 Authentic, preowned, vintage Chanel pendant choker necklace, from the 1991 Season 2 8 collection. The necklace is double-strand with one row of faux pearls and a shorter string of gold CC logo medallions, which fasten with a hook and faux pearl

- - -

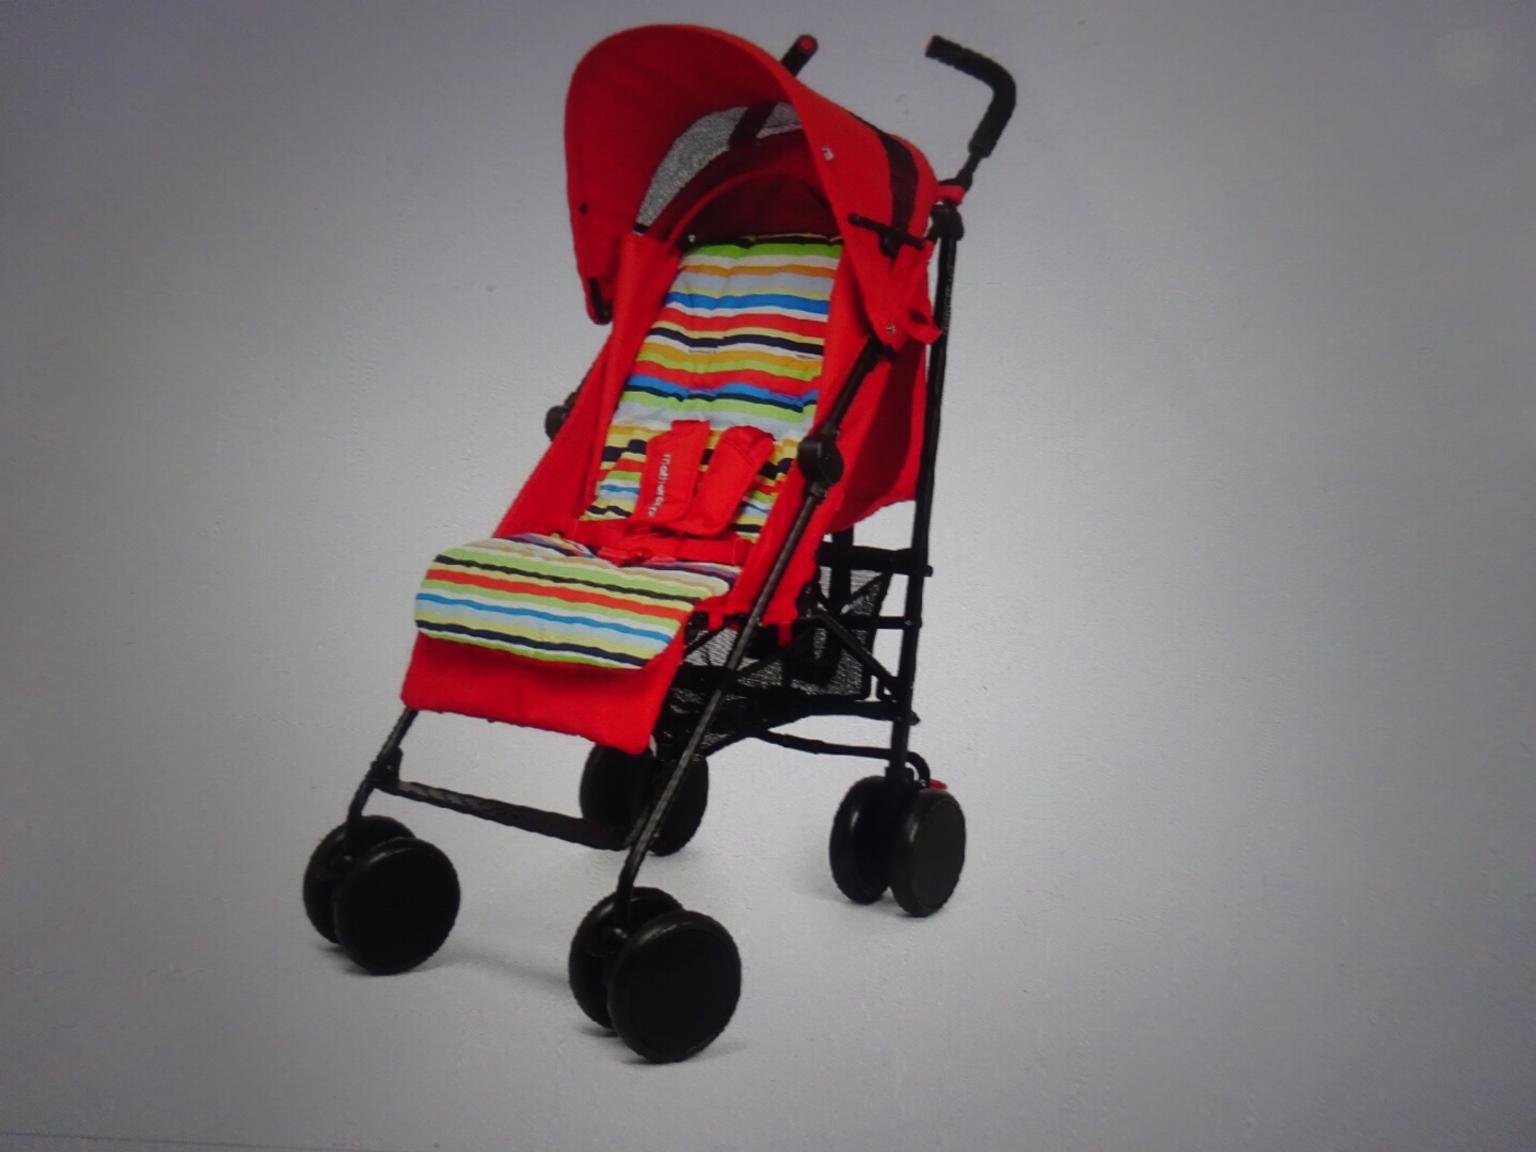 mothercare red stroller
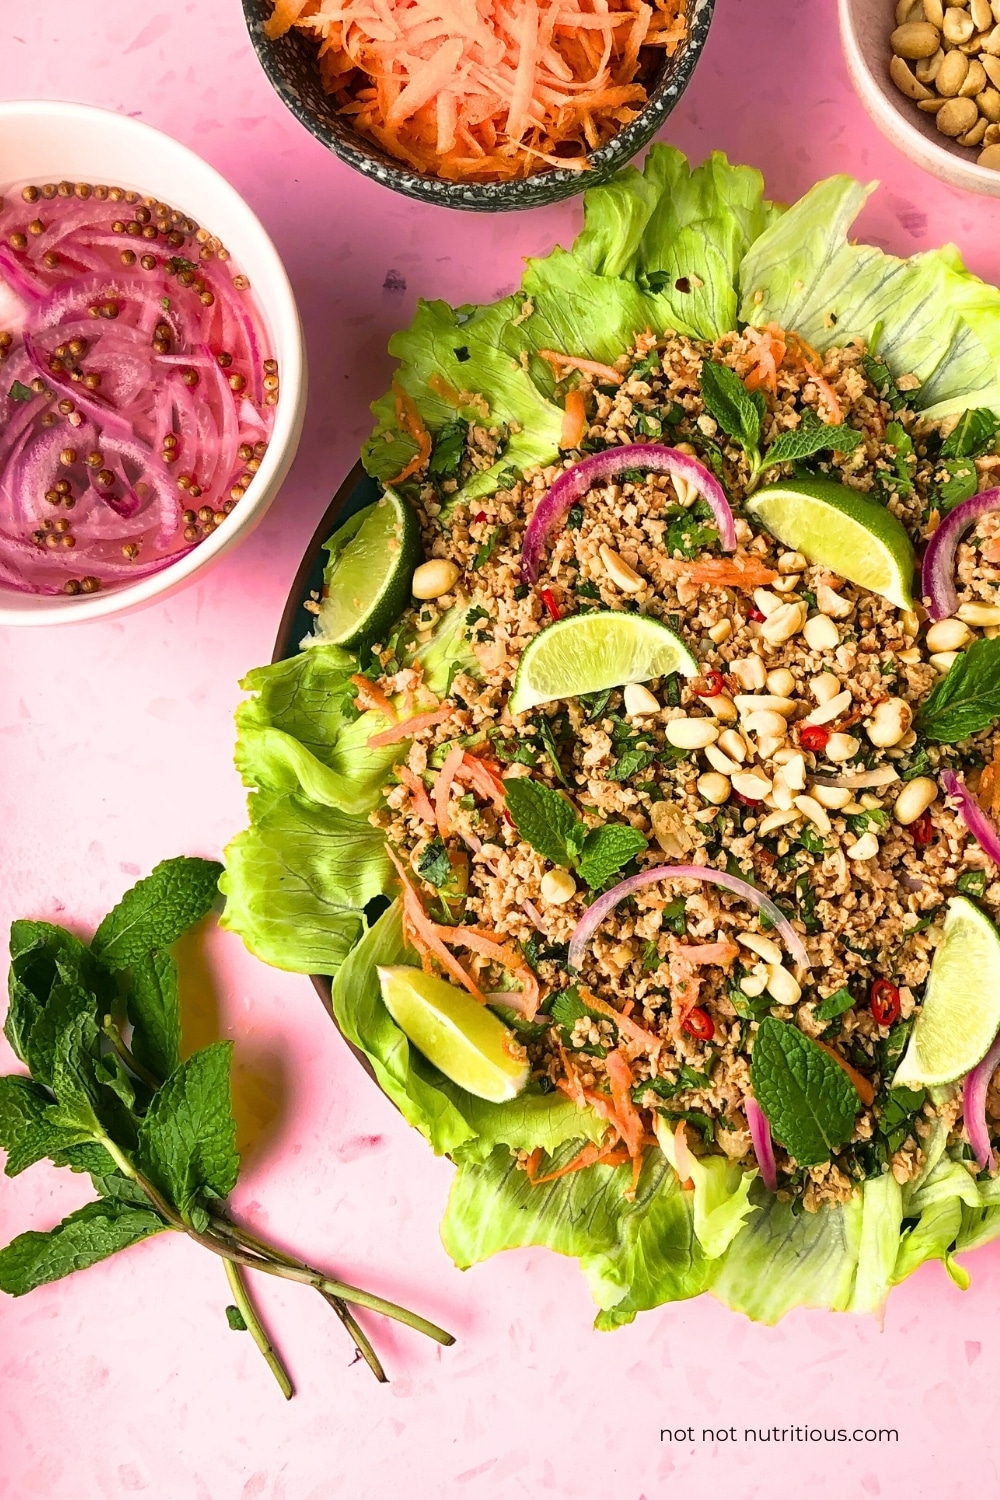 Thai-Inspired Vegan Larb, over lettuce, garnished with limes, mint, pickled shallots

- - -

### Work request
Among the records above, locate the line containing "mothercare red stroller" and the line containing "Thai-Inspired Vegan Larb, over", then transcribe exactly the lines starting at the first and ending at the second, with no pictures.

### Response to this exercise
 mothercare red stroller
 Thai-Inspired Vegan Larb, over lettuce, garnished with limes, mint, pickled shallots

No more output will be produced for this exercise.